When an organization releases a brand new AI video generator, it’s not lengthy earlier than somebody makes use of it to make a video of actor Will Smith consuming spaghetti.

It’s turn out to be one thing of a meme in addition to a benchmark: Seeing whether or not a brand new video generator can realistically render Smith slurping down a bowl of noodles. Smith himself parodied the pattern in an Instagram put up in February.

Google Veo 2 has completed it.

We at the moment are consuming spaghett finally. pic.twitter.com/AZO81w8JC0

— Jerrod Lew (@jerrod_lew) December 17, 2024

Will Smith and pasta is however one in all a number of weird “unofficial” benchmarks to take the AI group by storm in 2024. A 16-year-old developer constructed an app that offers AI management over Minecraft and exams its capability to design constructions. Elsewhere, a British programmer created a platform the place AI performs video games like Pictionary and Join 4 in opposition to one another.

It’s not like there aren’t extra tutorial exams of an AI’s efficiency. So why did the weirder ones blow up?

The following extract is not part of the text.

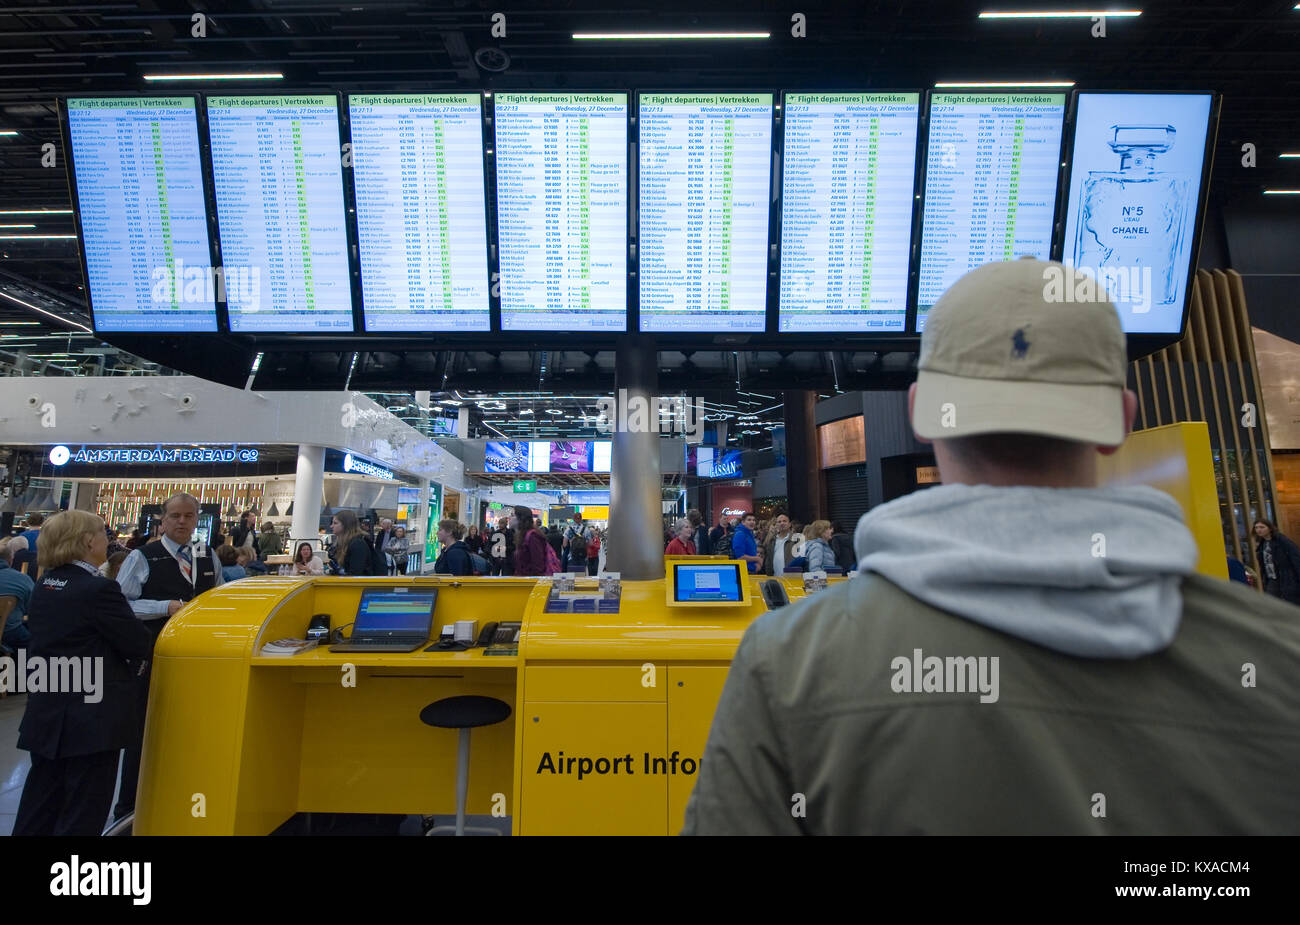 AMSTERDAM, Pays-Bas - DEC 27, 2017 : Un homme se penche sur les écrans d'informations à vérifier son vol sur l'aéroport de Schiphol près d'Amsterdam Banque D'Images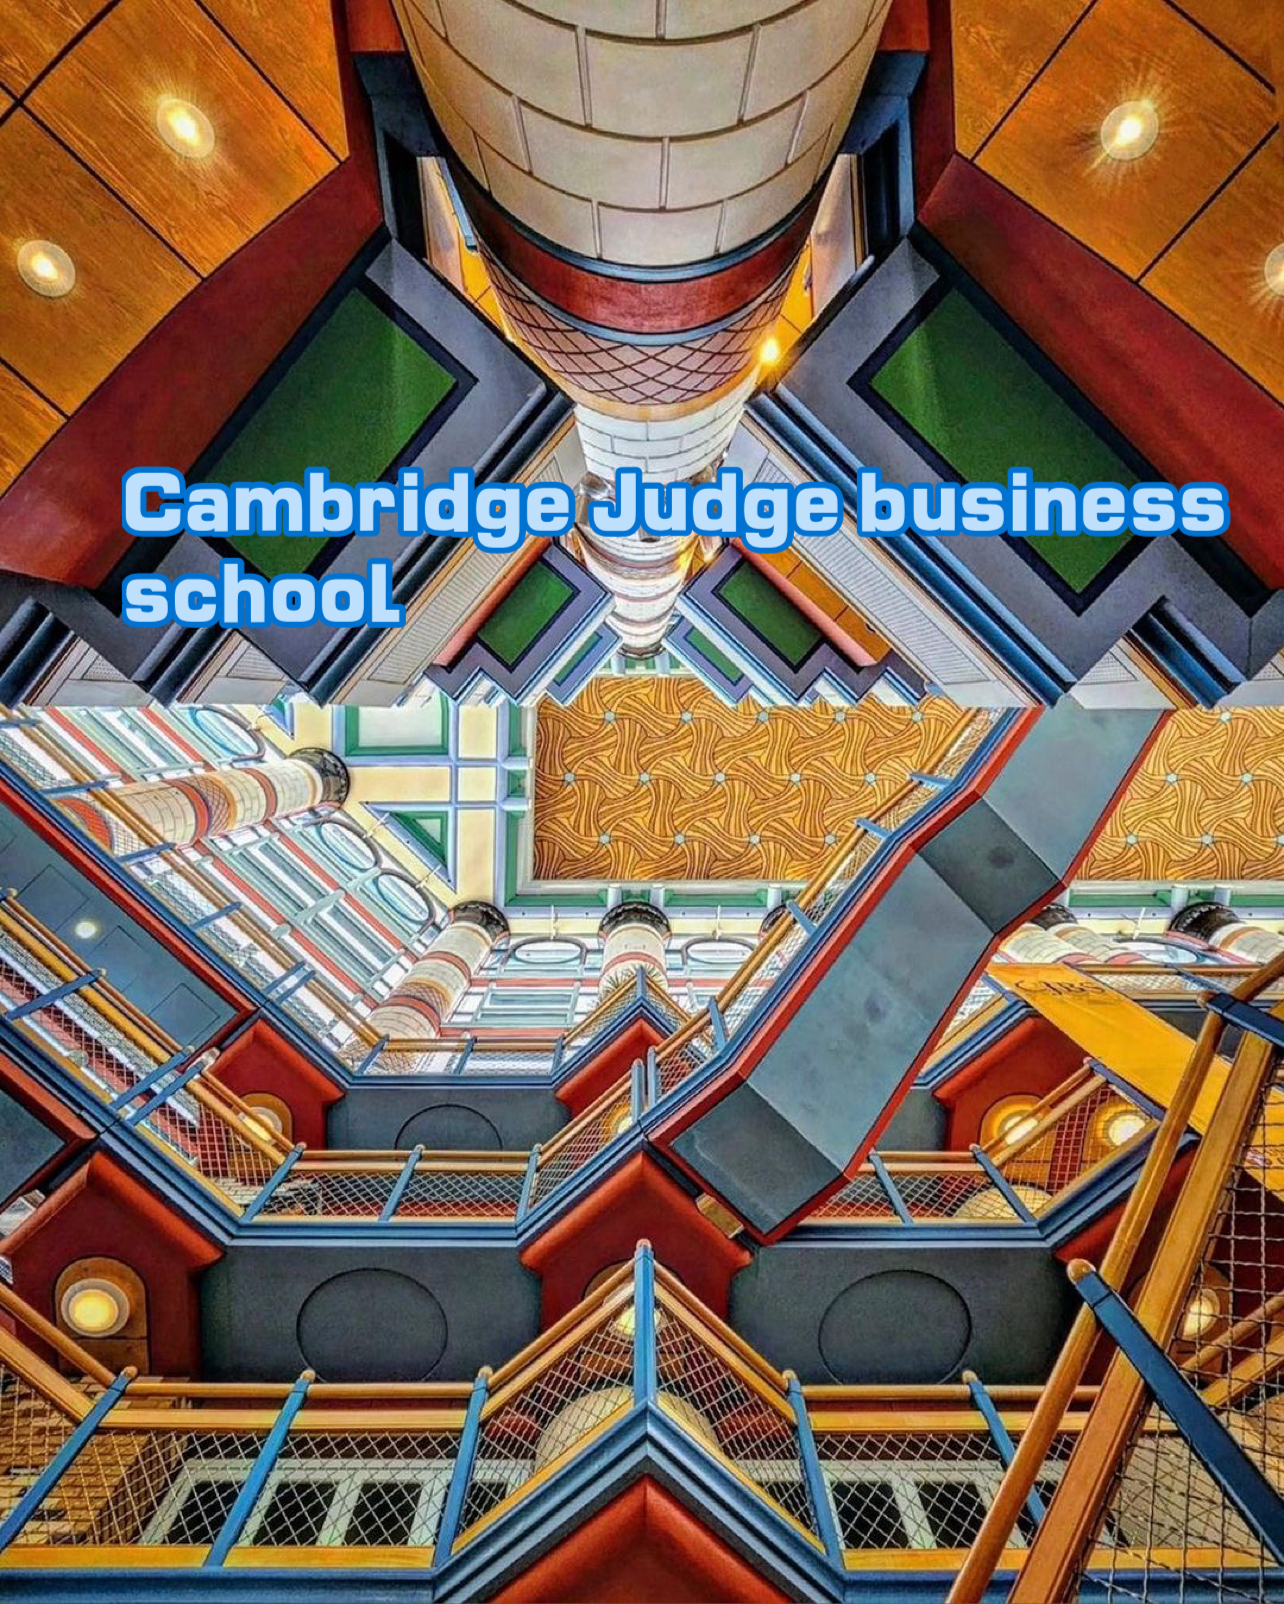 Cambridge Judge business schoo

Picture Credit:Paul Calcraft

For one, most of the industry-standard AI benchmarks don’t inform the common individual very a lot. Firms usually cite their AI’s capability to reply questions on Math Olympiad exams, or determine believable options to PhD-level issues. But most individuals — yours really included — use chatbots for issues like responding to emails and primary analysis.

Crowdsourced {industry} measures aren’t essentially higher or extra informative.

Take, for instance, Chatbot Area, a public benchmark many AI lovers and builders comply with obsessively. Chatbot Area lets anybody on the internet price how nicely AI performs on explicit duties, like creating an online app or producing a picture. However raters have a tendency to not be consultant — most come from AI and tech {industry} circles — and forged their votes based mostly on private, hard-to-pin-down preferences.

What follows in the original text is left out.